Bug #2644
closed9.7 regression: Deadlock for concurrent instantiation of Configuration and EnterpriseConfiguration
100%
Description
The chance of dealock, that was reported in Bug #2327, and fixed for 9.6.0.5, has returned with Saxon 9.7.
The test program attached to Bug #2327 can be used to reproduce it. The workaround that is proposed there still applies.
I am also attaching a TestNG test for validation of both the workaround and the fix.
Tested on
-
Saxon-EE 9.7.0.3J
-
Java version 1.8.0_51
Files
Updated by Gunther Rademacher over 8 years ago
Now attaching the unit test that I had already mentioned.

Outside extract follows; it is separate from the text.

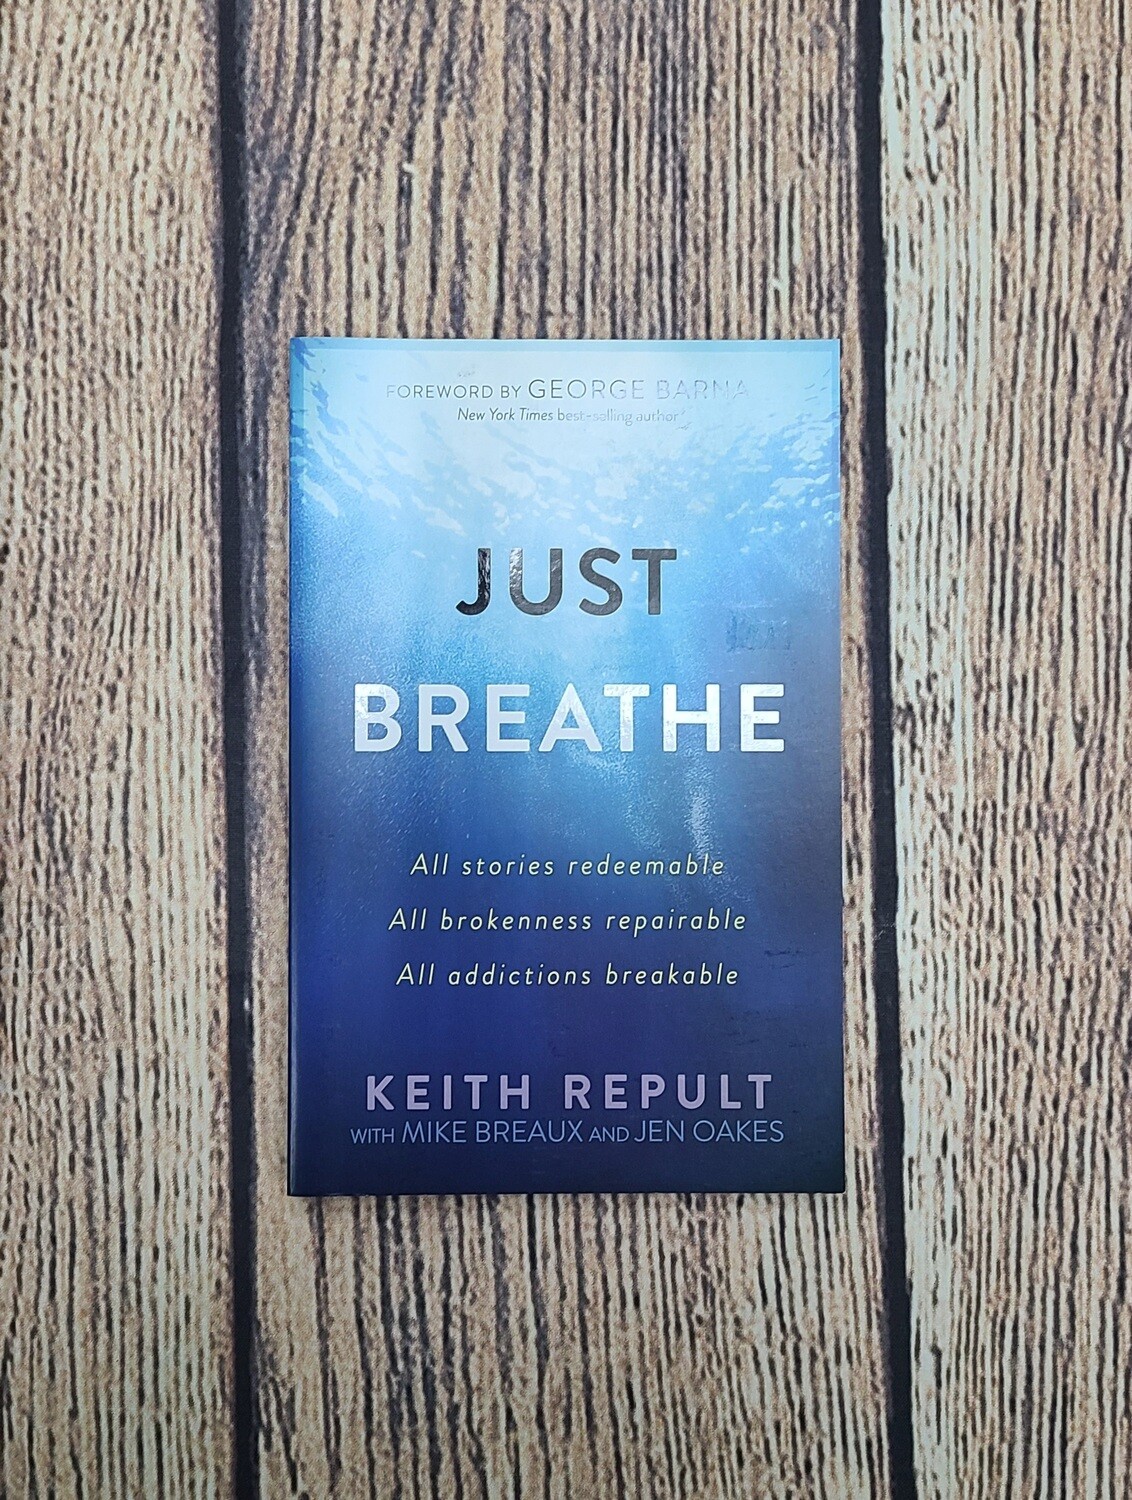 Just Breathe by Keith Repult with Mike Breaux and Jen Oakes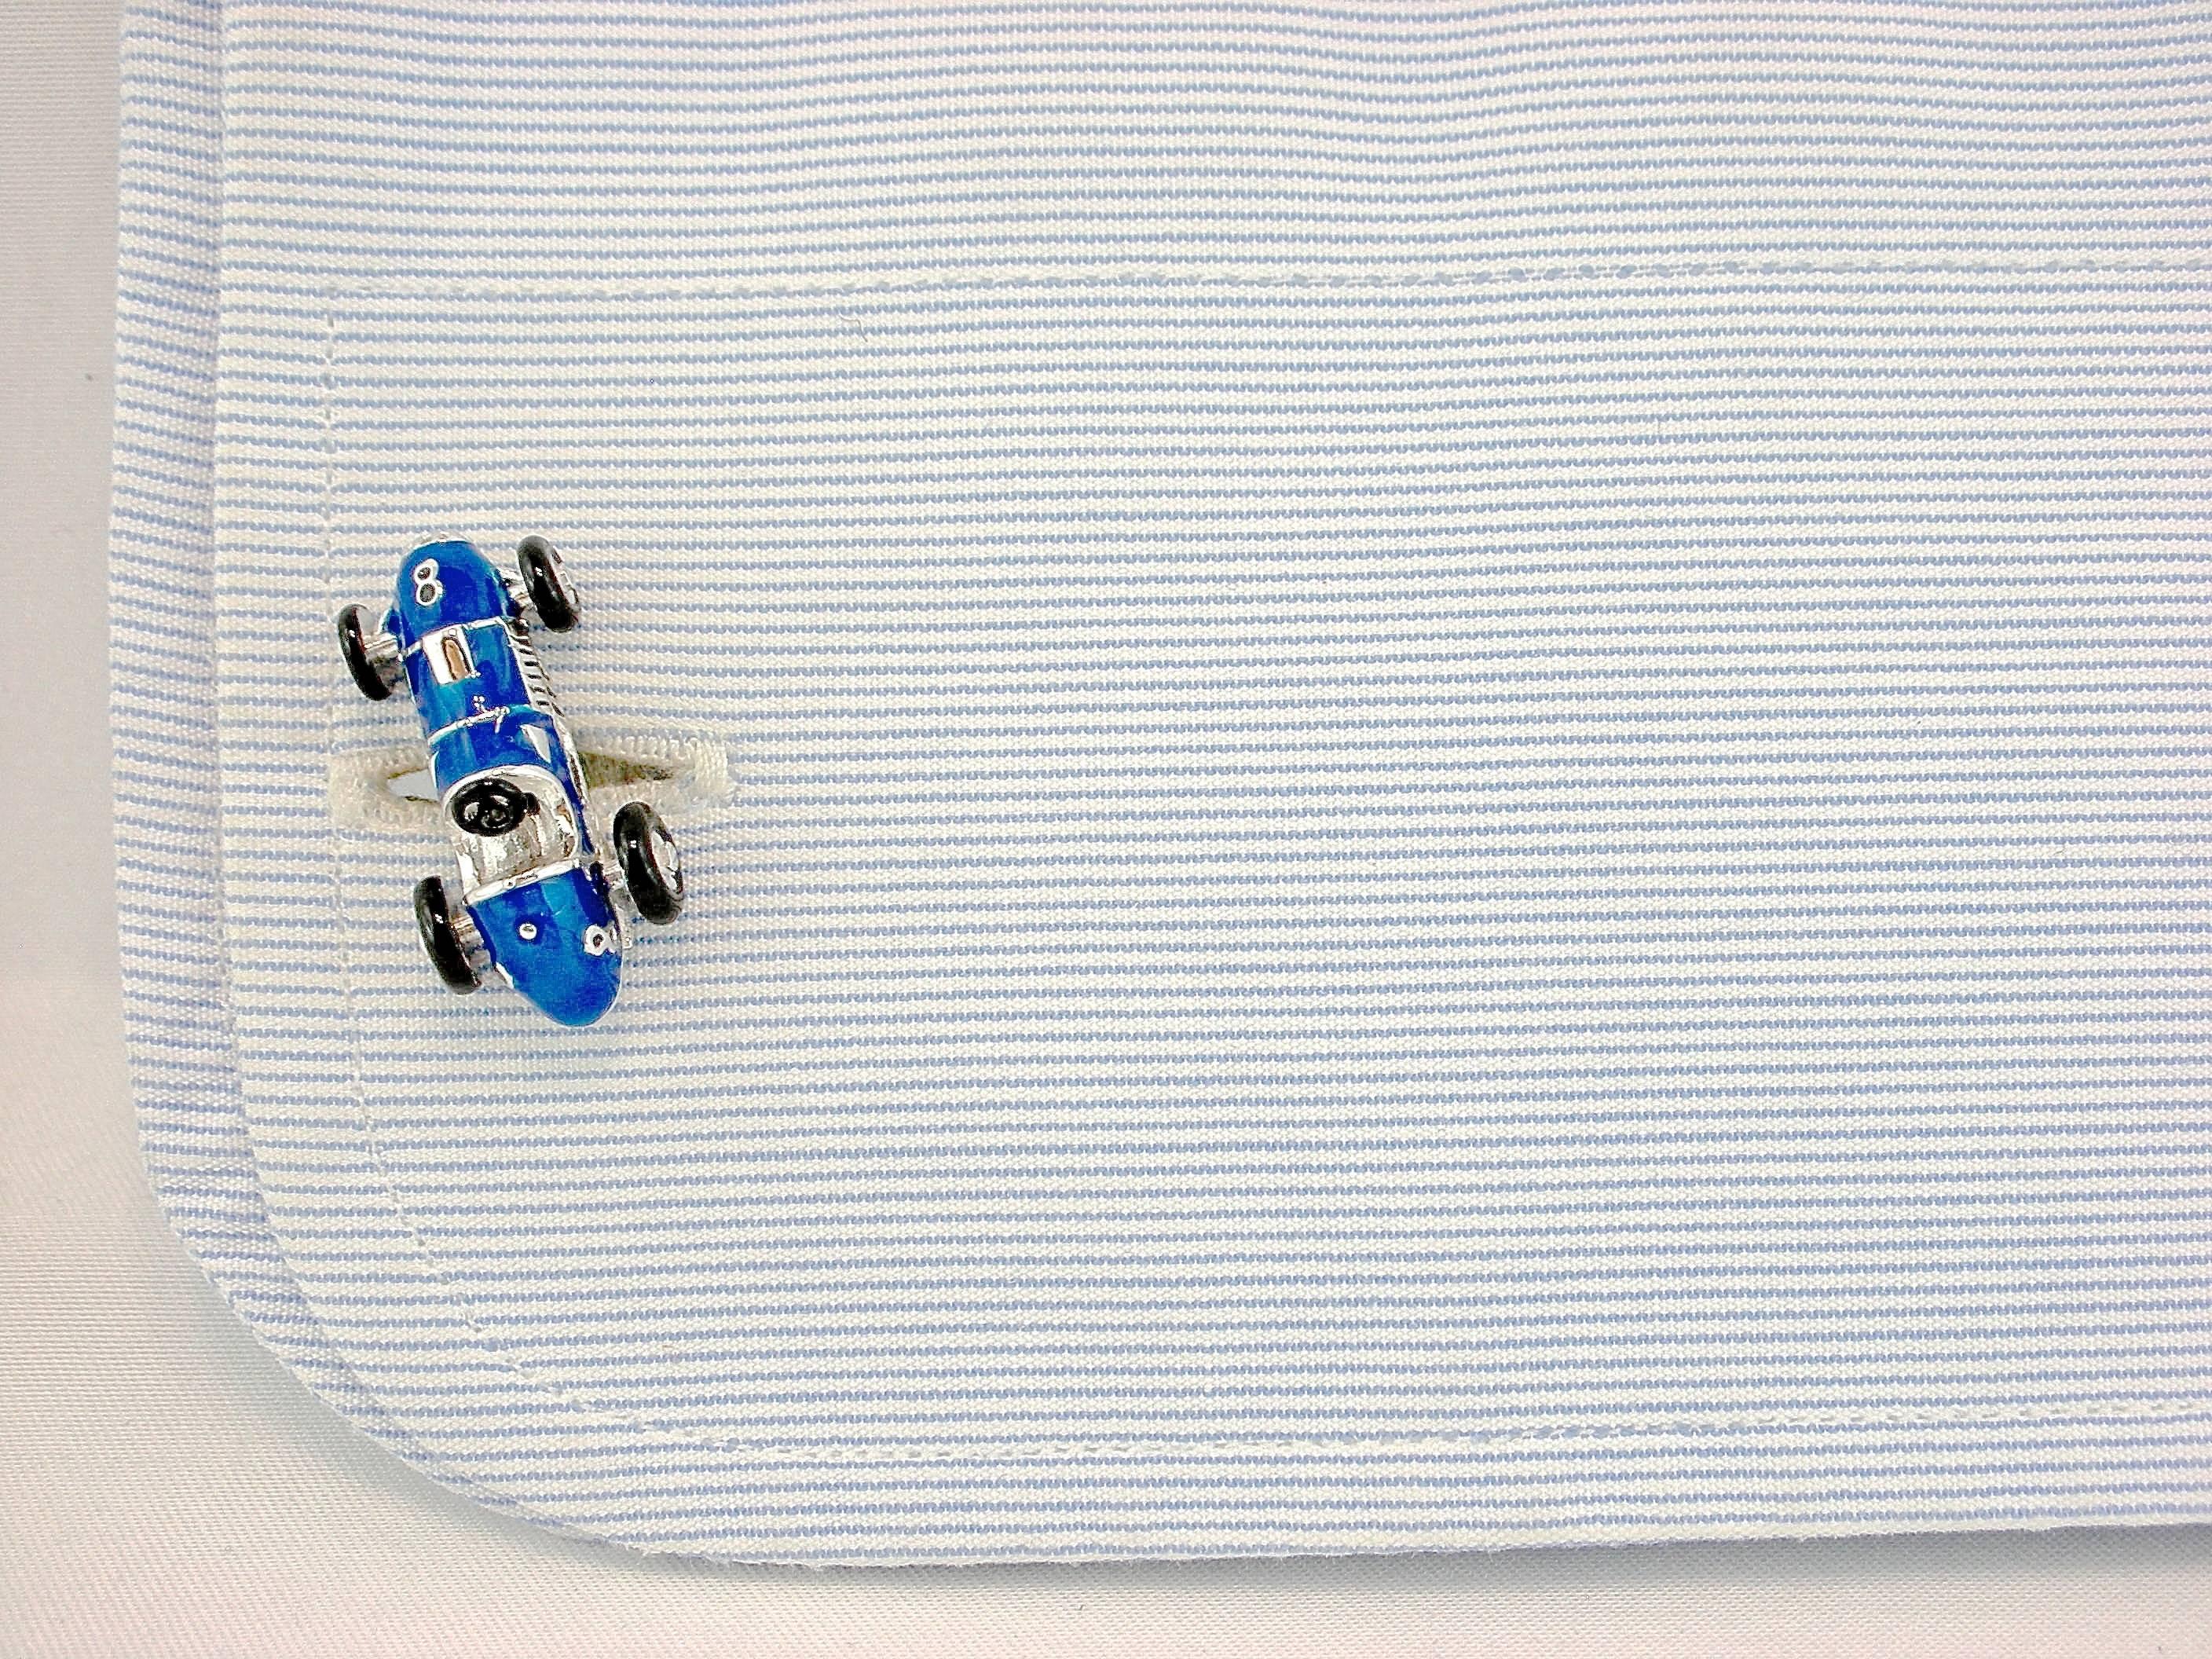 Alex Jona design collection, hand crafted in Italy, rhodium plated sterling silver cufflinks with blue enamel. Marked

It looks like I was wrong with my statement that the same workaround still applies. While originally class.forName on Configuration was sufficient, working around now requires instantiating Configuration, before EnterpriseConfiguration.
Updated by Michael Kay over 8 years ago
I find it hard to see why the code in 9.6 (apparently) works and that in 9.7 doesn't.
Investigating it, though, I have found a rather better explanation of what's happening here: https://www.farside.org.uk/201510/deadlocks_in_java_class_initialisation
It seems a wonder that it doesn't happen more often, since the examples in that post seem to be very common coding patterns.
Updated by Michael Kay over 8 years ago
- Category set to Build and release
- Status changed from New to In Progress
- Assignee set to Michael Kay
- Priority changed from Low to Normal
- Applies to branch 9.7 added
- Fix Committed on Branch 9.7 added
Investigating this has taken me up some strange avenues.
For example I tried tracing static class initialization by adding blocks such as
static {
System.out.println("\nKILROY Initializing Configuration in thread " + Thread.currentThread());
}
to key classes. This led to the failure:
No enum constant nativetests.ConfigDeadlockTest.Result
indicating access to an uninitialized static field within the test class.
This error disappears if the "System.out.print" calls are replaced by "System.err.println". No tracing output occurs for the deadlock tests; it does appear, however, for a simpler test that simply does
public static void testInitialization() {
new Configuration();
}
As far as I can determine, creating a Configuration instance in 9.7 does not cause either instantiation or static initialization of EnterpriseConfiguration, though it does cause EnterpriseConfiguration to be loaded because of the static reference in class Version.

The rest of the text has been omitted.